Pero, justamente, como nada nace de la nada, tenemos que partir por la concepción de “educación” desde la cual se están disputando estas tensiones de poder, las cuales sobrepasan el ámbito de lo partidario y se instalan ya en el marco de un reclamo social concreto, el que, asimismo, tiene como protagonistas a todos los ciudadanos argentinos, no sólo a los docentes.
Si entendemos que la educación debe apuntar a un modelo tecnócrata, utilitario, aplicacionista y sustitutivo de la función humana en el trabajo docente, nos estaríamos apoyando en el no tan nuevo negocio de las Organizaciones internacionales que actualmente fomentan la incorporación irreflexiva de modelos pedagógicos que apuntan a la ilusión de reemplazar a un profesional de la educación por un software animoso de inteligencia artificial. Este contexto tampoco nació de la nada. Durante toda la década del 90’ y hasta nuestros días, la gestión política se despreocupó del gravísimo asunto de la flexibilización laboral, plasmándose en el ámbito educativo en contrataciones sin la debida regulación del derecho laboral.
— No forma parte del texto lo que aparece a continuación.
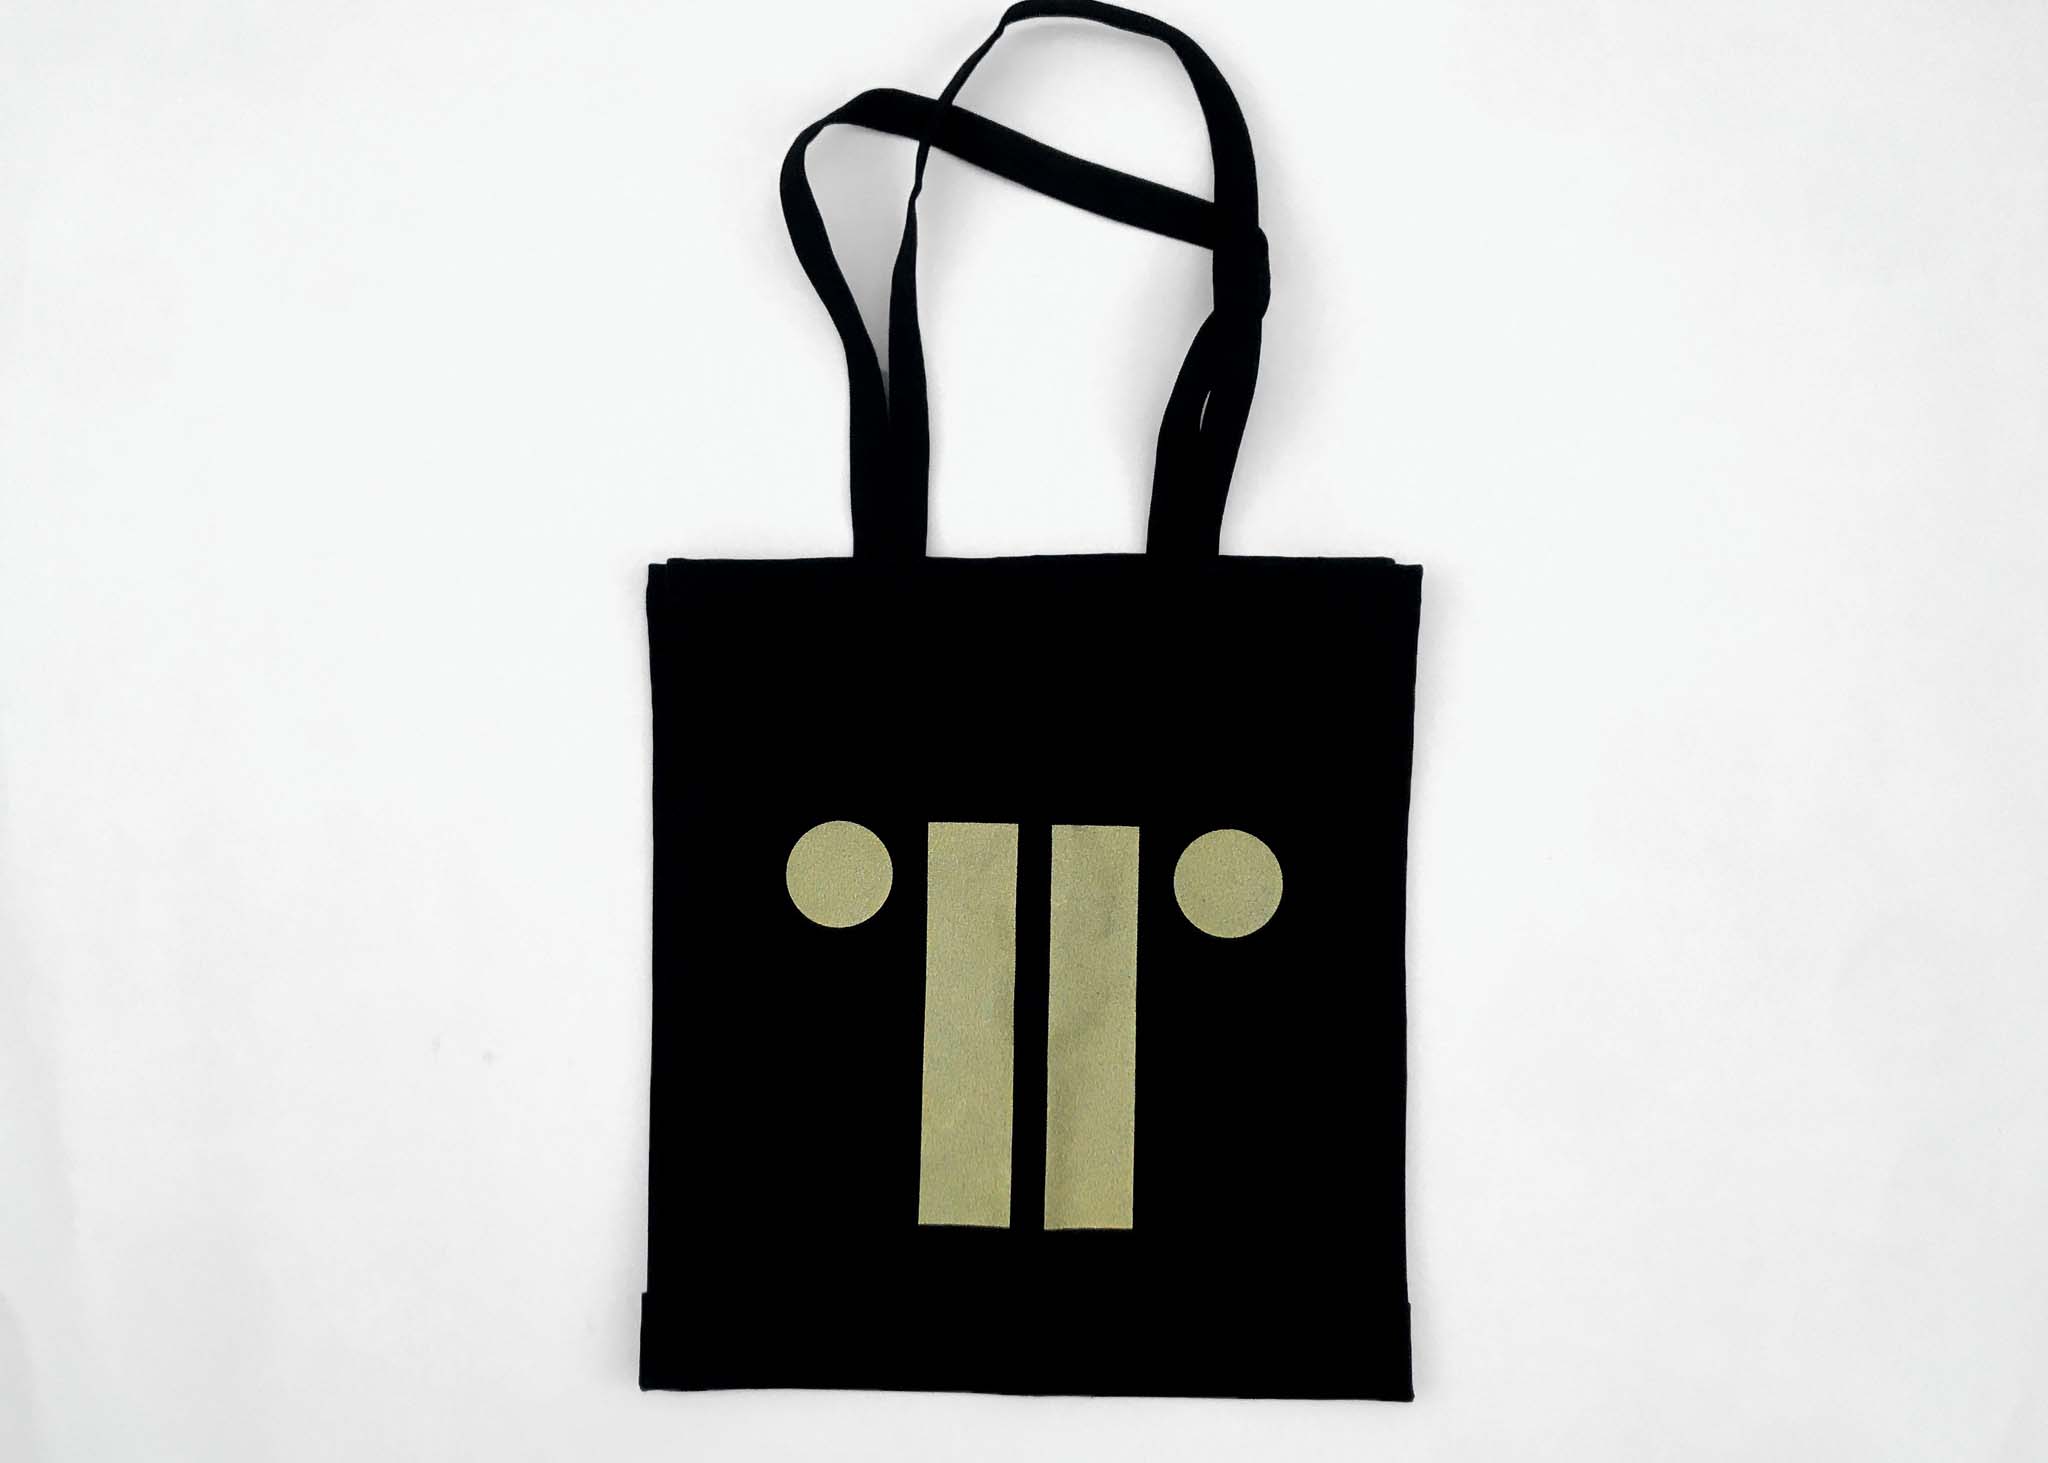 Black tote bag with gold logo

El panorama se aclara al avizorar que la inversión estatal en educación batió su record histórico en la presente década, aumentando la porción de PBI del 2% al 6%, como también incrementando un par de puntos más esa apuesta con los préstamos de organismos internacionales como el BID y el Banco Mundial. El rankeo, pretendidamente desfavorable, de nuestro país en las evaluaciones internacionales de la calidad educativa, dio y sigue dando pie al incremento de la cuota prestamista de las entidades bancarias internacionales hacia nuestra Nación, en pos del fortalecimiento estructural de nuestra educación.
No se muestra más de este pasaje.